Recorded data —
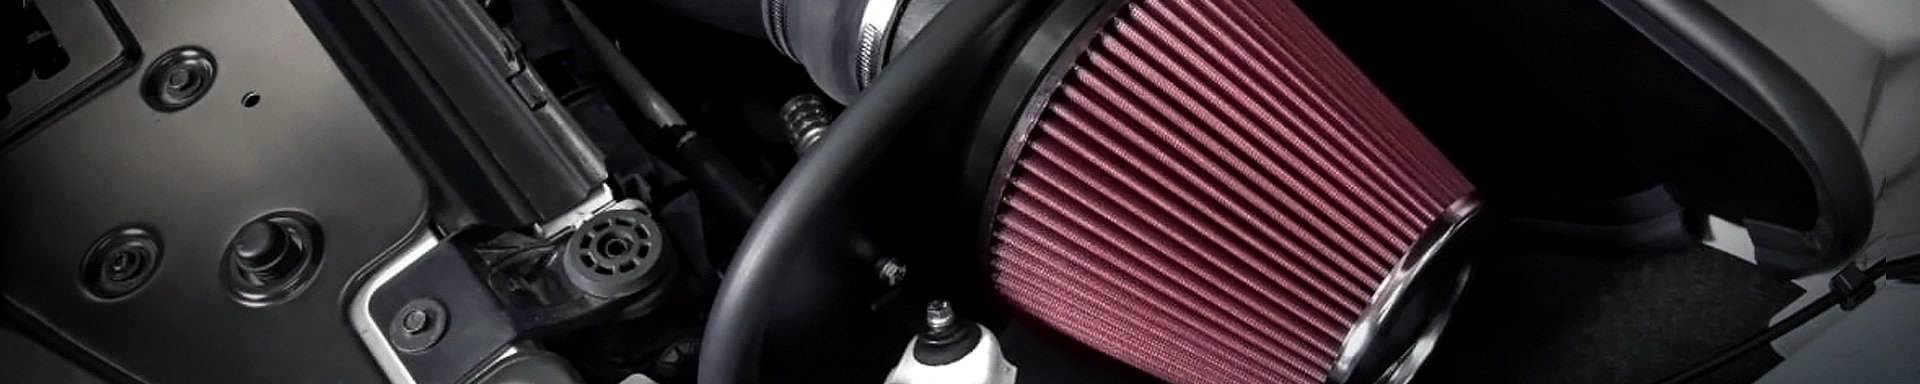 New K&N 57 Series Cold Air Intake System for Your Land Cruiser
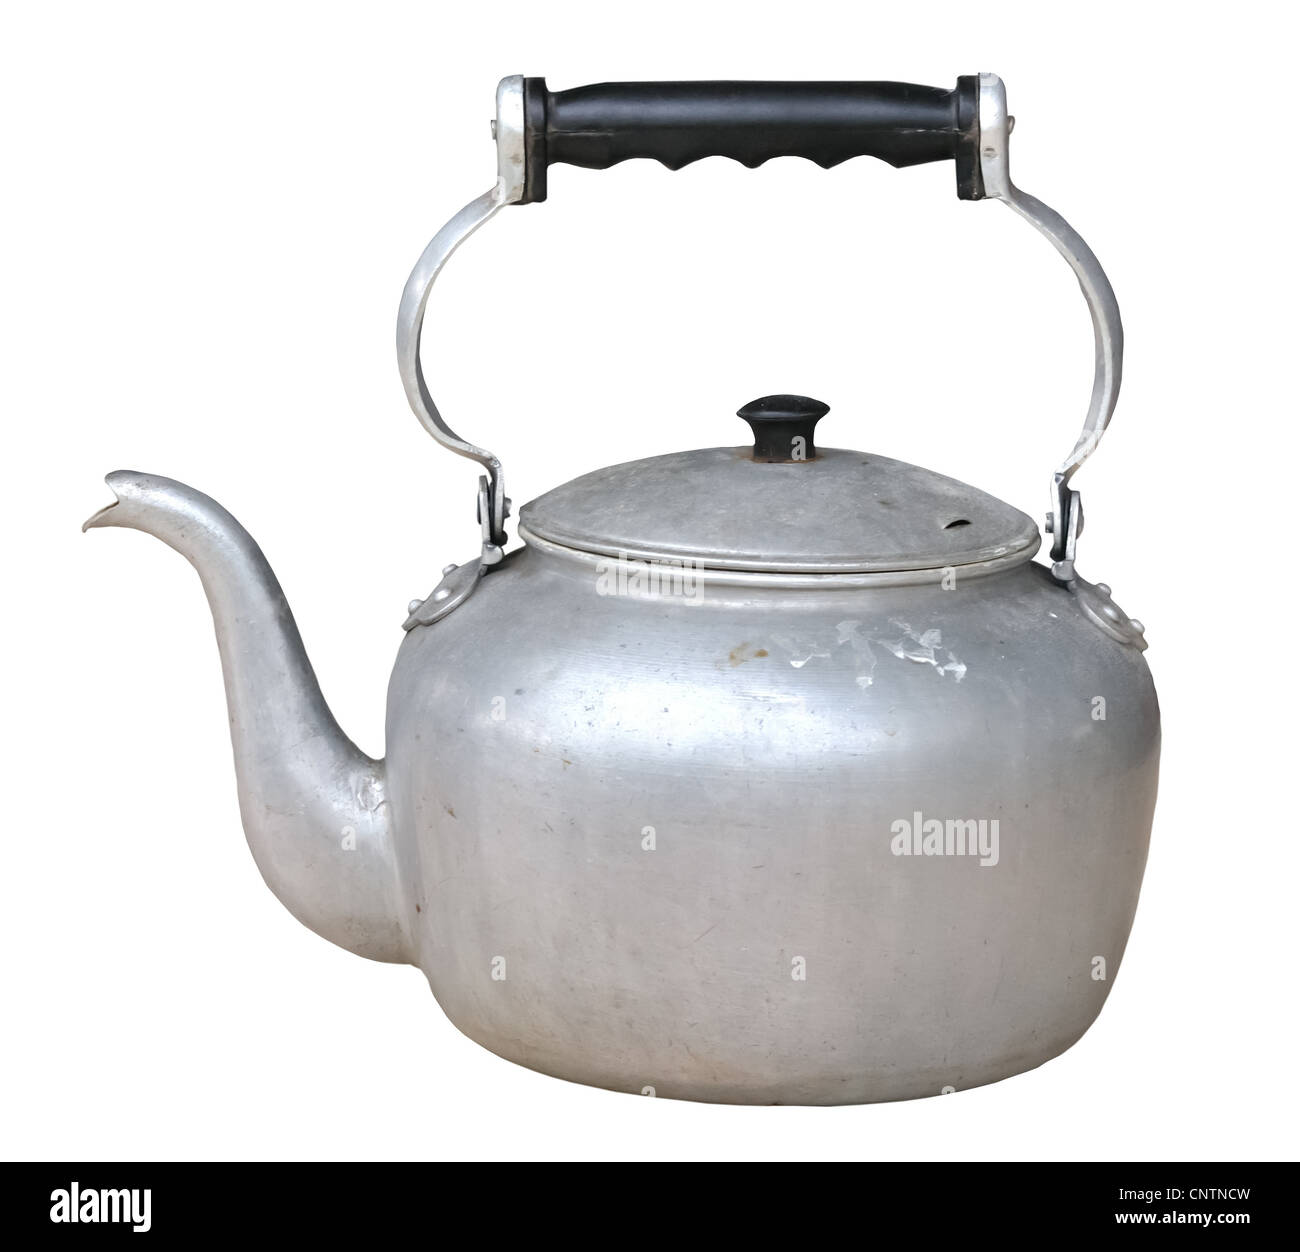 Old dirty classic kettle on white background Stock Photo
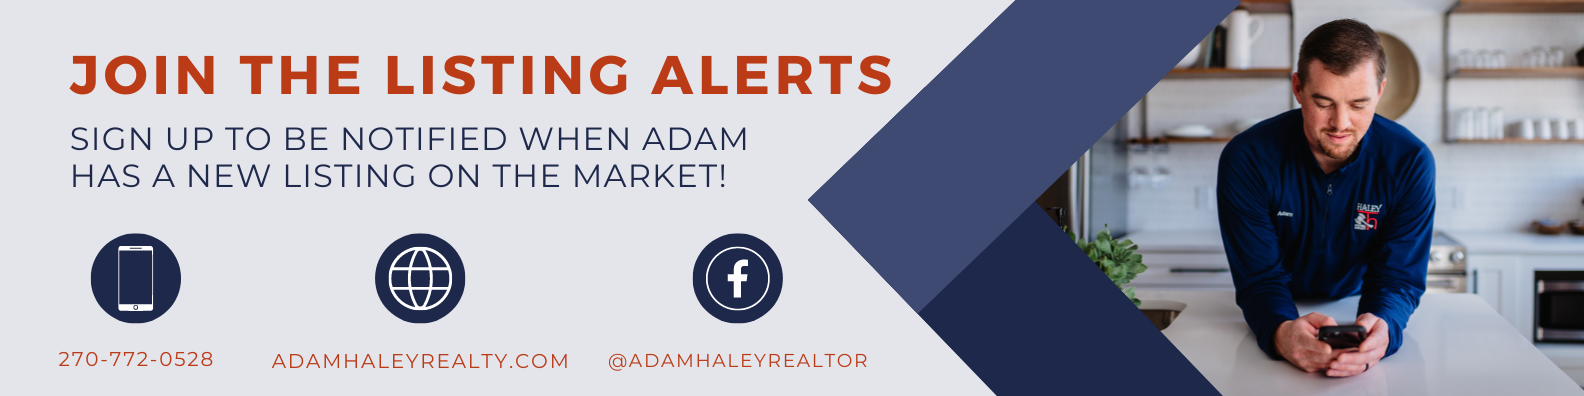 Join the listing alerts! Sign up to be notified when Adam has a new listing on the market!

What is being asked — From the first line to the last, write out the data exactly, dropping any pictures.

Solved exercise —
 New K&N 57 Series Cold Air Intake System for Your Land Cruiser
 Old dirty classic kettle on white background Stock Photo
 Join the listing alerts! Sign up to be notified when Adam has a new listing on the market!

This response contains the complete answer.